I would like to access a webpage and retrieve data - sound easy, right ?
However I have to use proxy. Here I am stuck :(
I have already tried some google help or stackowerflow advises, but I am still getting errors.
For example: https://stackoverflow.com/questions/34576665/setting-proxy-to-urllib-request-python3
My code #1:
import urllib.request as request
proxy_handler = request.ProxyHandler({'http': '<proxy omitted>'})
opener = request.build_opener(proxy_handler)

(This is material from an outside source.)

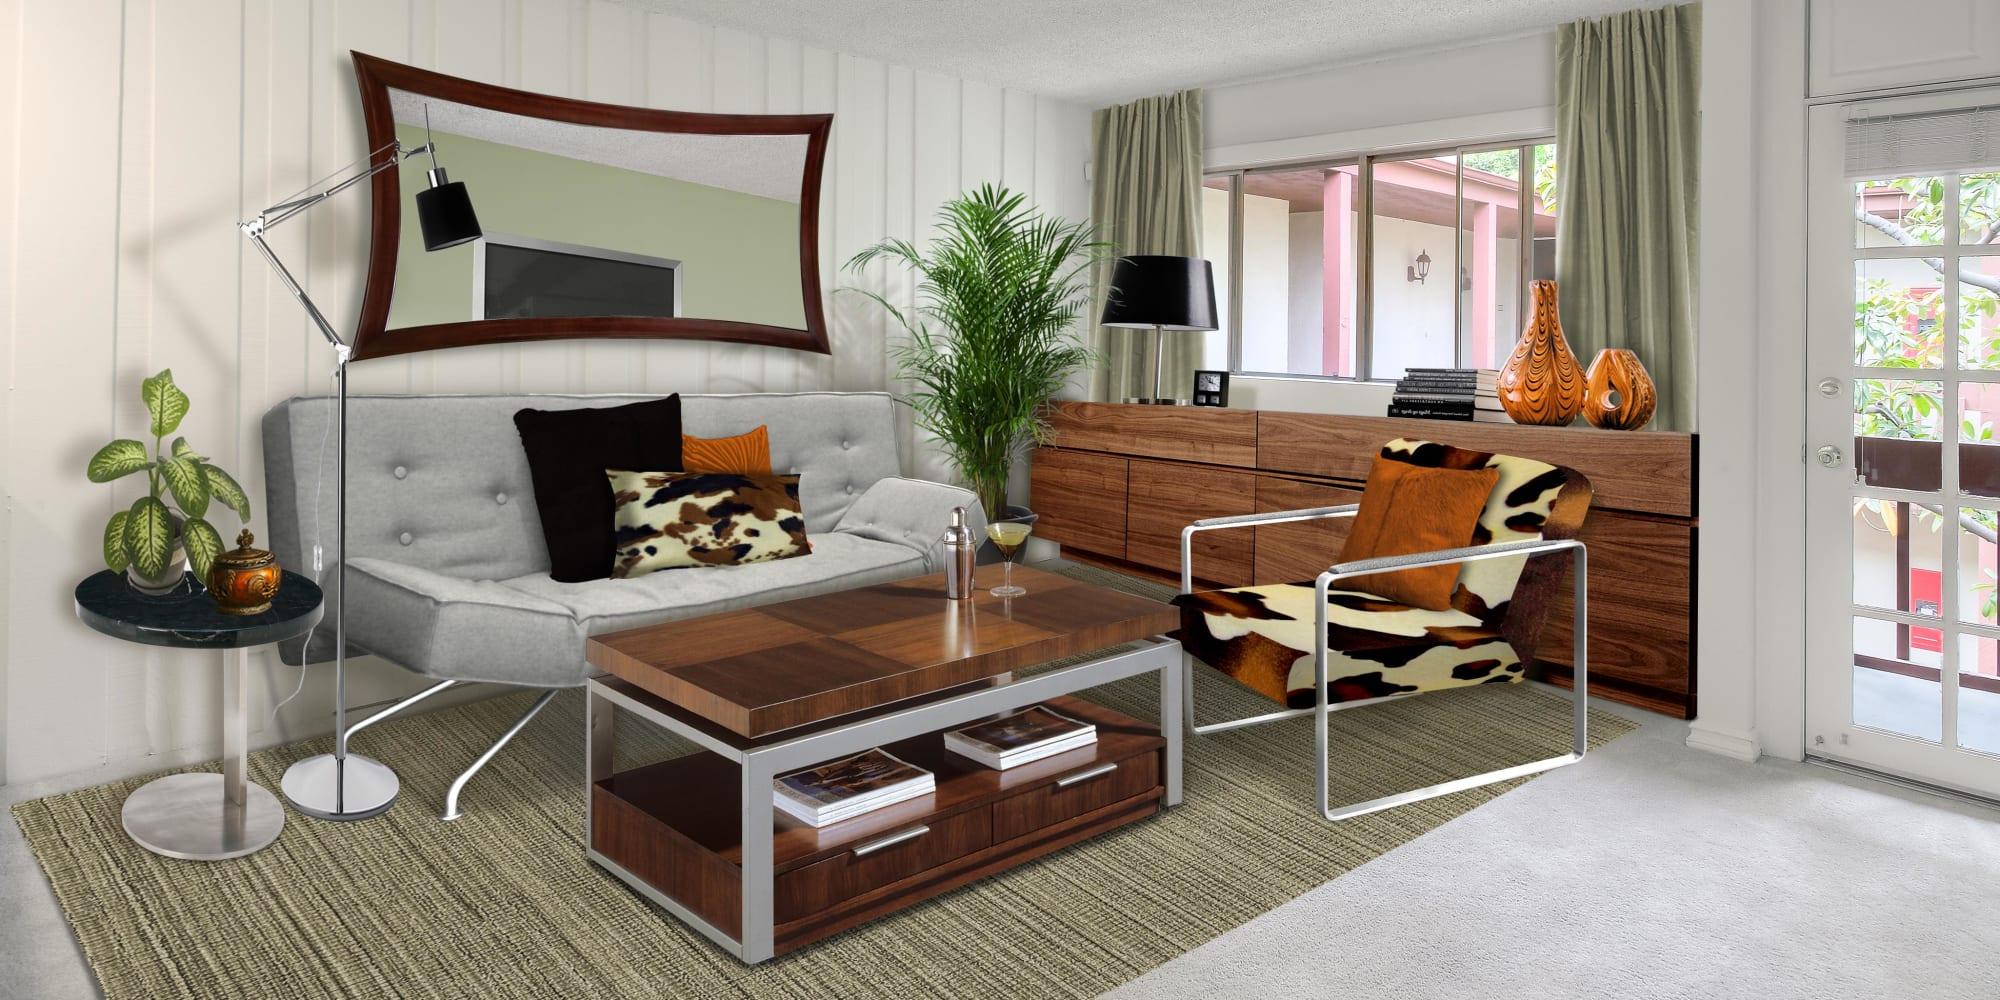 View a virtual tour of a studio apartment at Rancho Los Feliz in Los Angeles, California

url = 'http://data.pr4e.org/romeo.txt'
# open the website with the opener
req = opener.open(url)
data = req.read().decode('utf8')
print(data) Error:
Error: PS C:\Users\<user>\Desktop> python .\week4.py
Traceback (most recent call last):
File ".\week4.py", line 33, in <module>
req = opener.open(url)
File "C:\Users\<user>\AppData\Local\Programs\Python\Python38\lib\urllib\request.py", line 531, in open
response = meth(req, response)
File "C:\Users\<user>\AppData\Local\Programs\Python\Python38\lib\urllib\request.py", line 640, in http_response
response = self.parent.error(
File "C:\Users\<user>\AppData\Local\Programs\Python\Python38\lib\urllib\request.py", line 569, in error
return self._call_chain(*args)
File "C:\Users\<user>\AppData\Local\Programs\Python\Python38\lib\urllib\request.py", line 502, in _call_chain
result = func(*args)
File "C:\Users\<user>\AppData\Local\Programs\Python\Python38\lib\urllib\request.py", line 649, in http_error_default
raise HTTPError(req.full_url, code, msg, hdrs, fp)

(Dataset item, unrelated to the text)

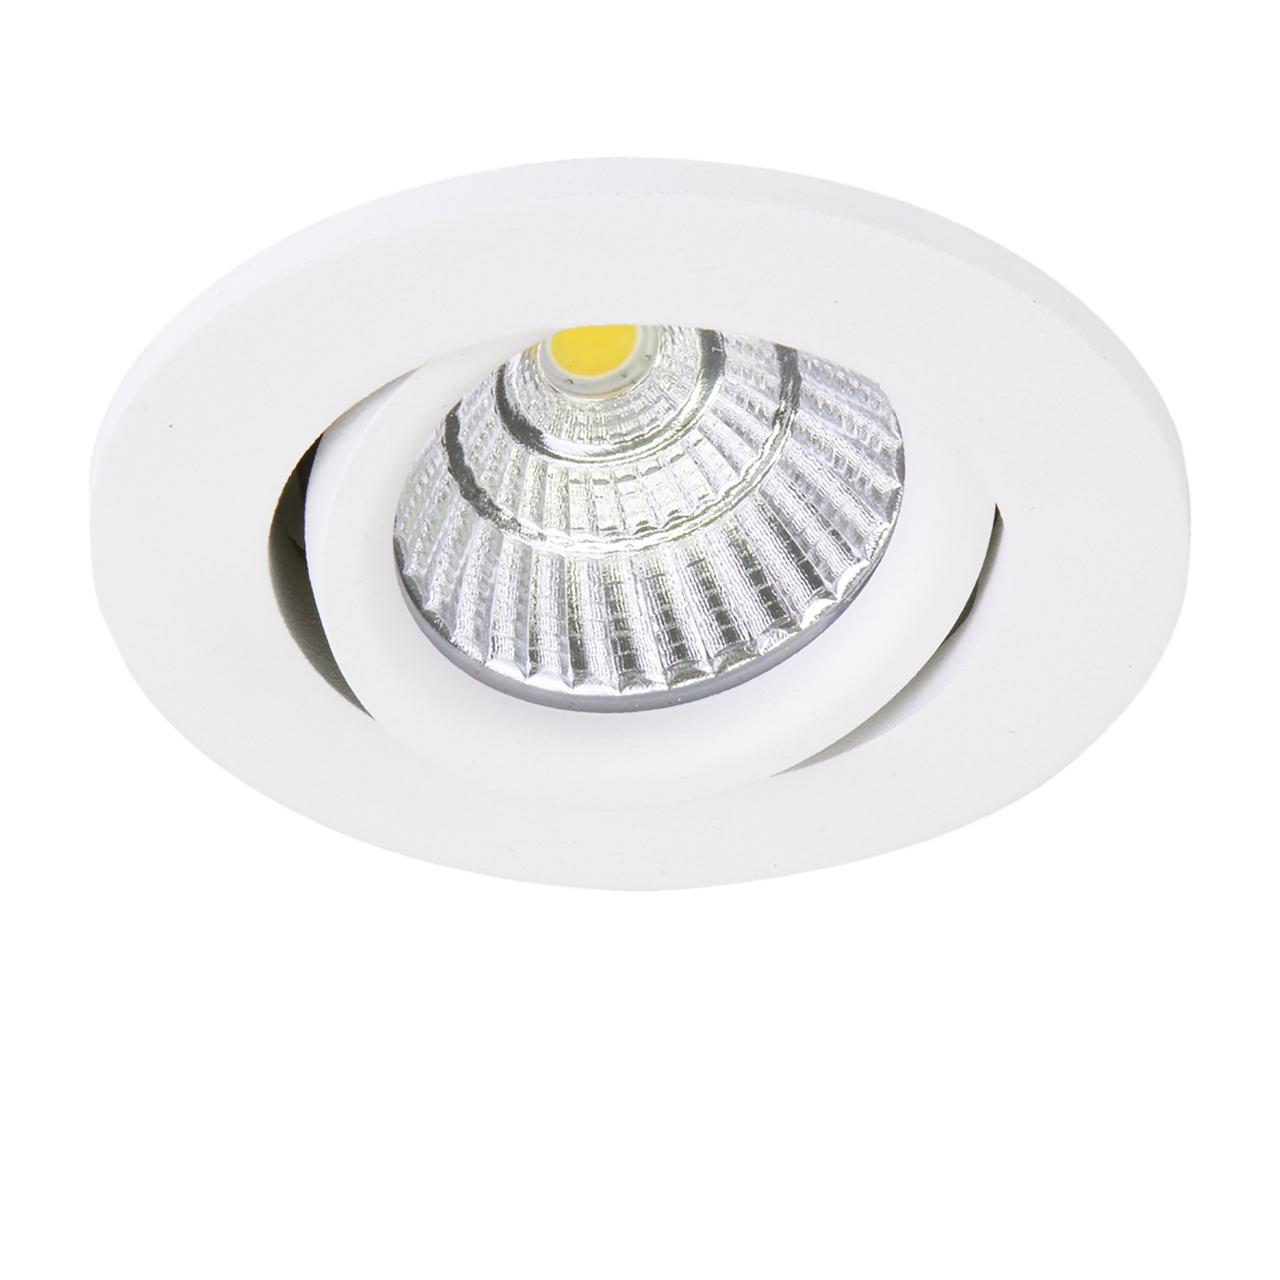 Светильник SOFFI 16 LED 7W 630LM 40G белый 3000K Lightstar 212436

urllib.error.HTTPError: HTTP Error 404: Not Found
My code #2:
from urllib import request as urlrequest
proxy_host = '<proxy omitted>' # host and port of your proxy
url = 'http://data.pr4e.org/romeo.txt'
req = urlrequest.Request(url)
req.set_proxy(proxy_host, 'http')
response = urlrequest.urlopen(req)
print(response.read().decode('utf8')) Error: Error: PS C:\Users\<user>\Desktop> python .\week4.py
Traceback (most recent call last):
File "C:\Users\<user>\AppData\Local\Programs\Python\Python38\lib\http\client.py", line 865, in _get_hostport
port = int(host[i+1:])
ValueError: invalid literal for int() with base 10: '8001/one-de-vpn.pac'
During handling of the above exception, another exception occurred:
Traceback (most recent call last):
File ".\week4.py", line 29, in <module>
response = urlrequest.urlopen(req)
File "C:\Users\<user>\AppData\Local\Programs\Python\Python38\lib\urllib\request.py", line 222, in urlopen
return opener.open(url, data, timeout)
File "C:\Users\<user>\AppData\Local\Programs\Python\Python38\lib\urllib\request.py", line 525, in open
response = self._open(req, data)
File "C:\Users\<user>\AppData\Local\Programs\Python\Python38\lib\urllib\request.py", line 542, in _open
result = self._call_chain(self.handle_open, protocol, protocol +
File "C:\Users\<user>\AppData\Local\Programs\Python\Python38\lib\urllib\request.py", line 502, in _call_chain
result = func(*args)
File "C:\Users\<user>\AppData\Local\Programs\Python\Python38\lib\urllib\request.py", line 1348, in http_open
return self.do_open(http.client.HTTPConnection, req)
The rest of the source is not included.